Partition Health
The health of a partition can be monitored using the health state maintained within the partition. Depending on the resiliency mode specified for the partition, the partition can get into various states that are listed below:
Full Bandwidth Mode:
HEALTHY: When the partition is marked as healthy, it is expected to be in full-bandwidth and full compute capacity state. This state is considered to be optimal.
DEGRADED: In this state, some of the GPUs could be marked as “parked” and their GPU health could be NO_NVLINK. In this state, the rest of the GPUs will be able to communicate with full bandwidth. This state is considered operational.

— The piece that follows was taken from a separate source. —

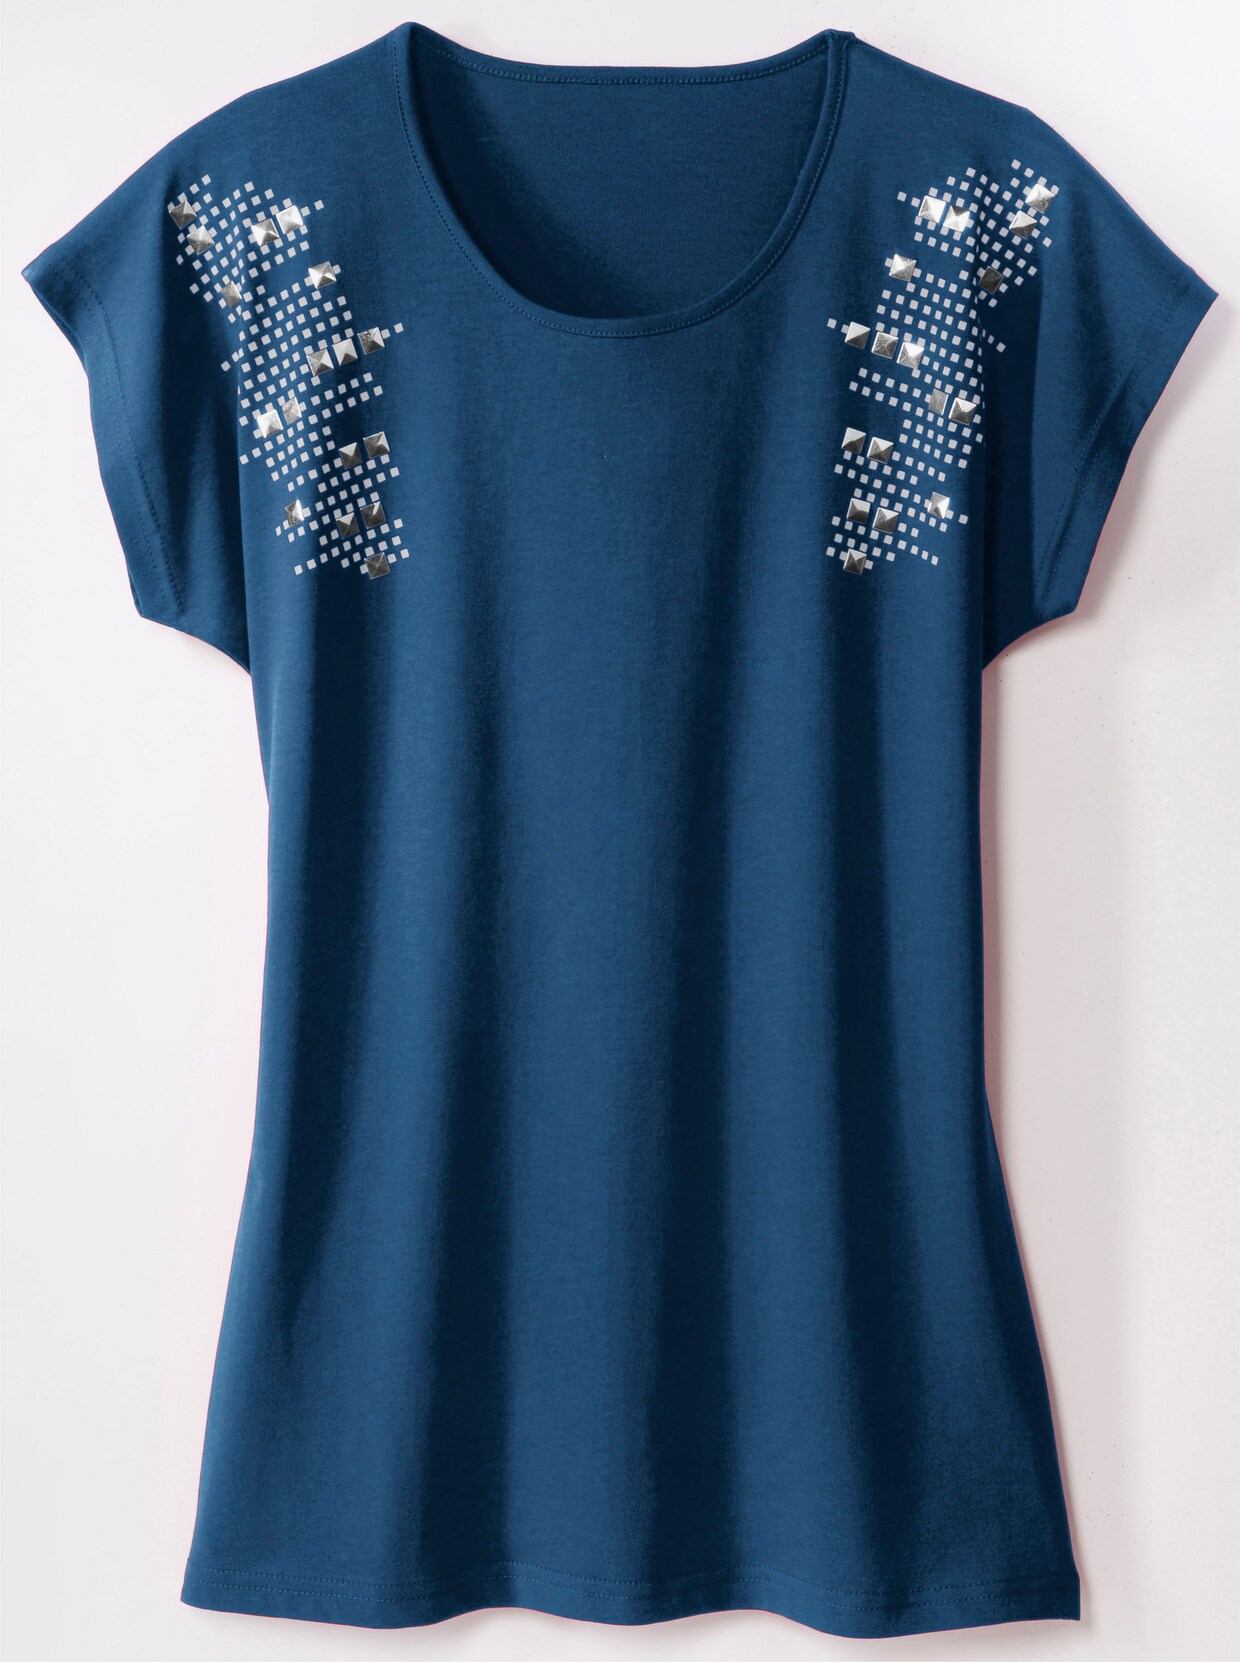 Tričko s krátkým rukávem - kobaltová modrá

UNHEALTHY: There could be various reasons that cause a partition to go into an unhealthy state. There could be a loss of a switch or other internal failures that result in this state. This state is not considered operational.
Adaptive Bandwidth Mode:
HEALTHY: When the partition is marked as healthy, it is expected to be in full-bandwidth and full compute capacity state. This state is considered to be optimal.
BANDWIDTH: In this state, some of the trunk links might be missing. However, all of the GPUs will be able to communicate with one-another in a degraded bandwidth capacity. This state is considered to be operational.
UNHEALTHY: There could be various reasons that cause a partition to go into an unhealthy state. There could be a loss of a switch or other internal failures that result in this state. This state is not considered operational.
User Action Required Mode:
HEALTHY: When the partition is marked as healthy, it is expected to be in full-bandwidth and full compute capacity state. This state is considered to be optimal.
DEGRADED_BANDWIDTH: In this state, some of the trunk links might be missing. However, all of the GPUs will be able to communicate with one-another in a degraded bandwidth capacity. This state is considered to be operational.
UNHEALTHY: There could be various reasons that cause a partition to go into an unhealthy (and non-operational) state:
There could be a loss of a switch or other internal failures that result in this state.